— Work task —
Report how many lines in the following entries contain "sale". Nothing else should be given.

(Records from a data collection)
----------------

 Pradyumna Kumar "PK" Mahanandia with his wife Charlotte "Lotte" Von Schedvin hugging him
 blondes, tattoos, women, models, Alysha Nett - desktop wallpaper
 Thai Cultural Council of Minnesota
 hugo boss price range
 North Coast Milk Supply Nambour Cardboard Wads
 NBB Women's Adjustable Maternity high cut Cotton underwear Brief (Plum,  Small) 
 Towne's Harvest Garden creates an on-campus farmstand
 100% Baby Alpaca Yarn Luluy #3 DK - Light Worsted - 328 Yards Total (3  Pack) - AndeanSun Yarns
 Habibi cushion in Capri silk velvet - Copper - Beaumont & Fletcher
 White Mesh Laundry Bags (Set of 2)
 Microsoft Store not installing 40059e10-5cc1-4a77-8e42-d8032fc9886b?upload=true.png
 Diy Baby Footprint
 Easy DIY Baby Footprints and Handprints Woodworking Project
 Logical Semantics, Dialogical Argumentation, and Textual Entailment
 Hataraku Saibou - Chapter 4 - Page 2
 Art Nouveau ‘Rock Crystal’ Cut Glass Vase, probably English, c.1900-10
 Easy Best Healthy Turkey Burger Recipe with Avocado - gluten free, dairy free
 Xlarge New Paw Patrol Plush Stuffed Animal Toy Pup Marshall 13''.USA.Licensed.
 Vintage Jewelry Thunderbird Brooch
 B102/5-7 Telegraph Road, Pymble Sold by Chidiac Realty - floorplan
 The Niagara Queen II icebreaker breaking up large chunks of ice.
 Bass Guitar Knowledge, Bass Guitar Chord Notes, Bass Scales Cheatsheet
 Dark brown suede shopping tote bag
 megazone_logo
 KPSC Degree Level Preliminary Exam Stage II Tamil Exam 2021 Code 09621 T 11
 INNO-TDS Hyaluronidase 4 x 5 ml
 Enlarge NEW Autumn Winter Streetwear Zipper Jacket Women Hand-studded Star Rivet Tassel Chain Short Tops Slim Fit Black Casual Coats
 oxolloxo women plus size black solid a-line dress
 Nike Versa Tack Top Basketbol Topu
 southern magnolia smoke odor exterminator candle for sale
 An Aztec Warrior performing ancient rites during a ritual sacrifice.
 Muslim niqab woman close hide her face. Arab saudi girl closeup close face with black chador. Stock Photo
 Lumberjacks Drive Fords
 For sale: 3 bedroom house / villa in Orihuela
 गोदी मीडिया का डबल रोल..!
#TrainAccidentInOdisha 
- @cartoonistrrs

----------------

— Written solution —
2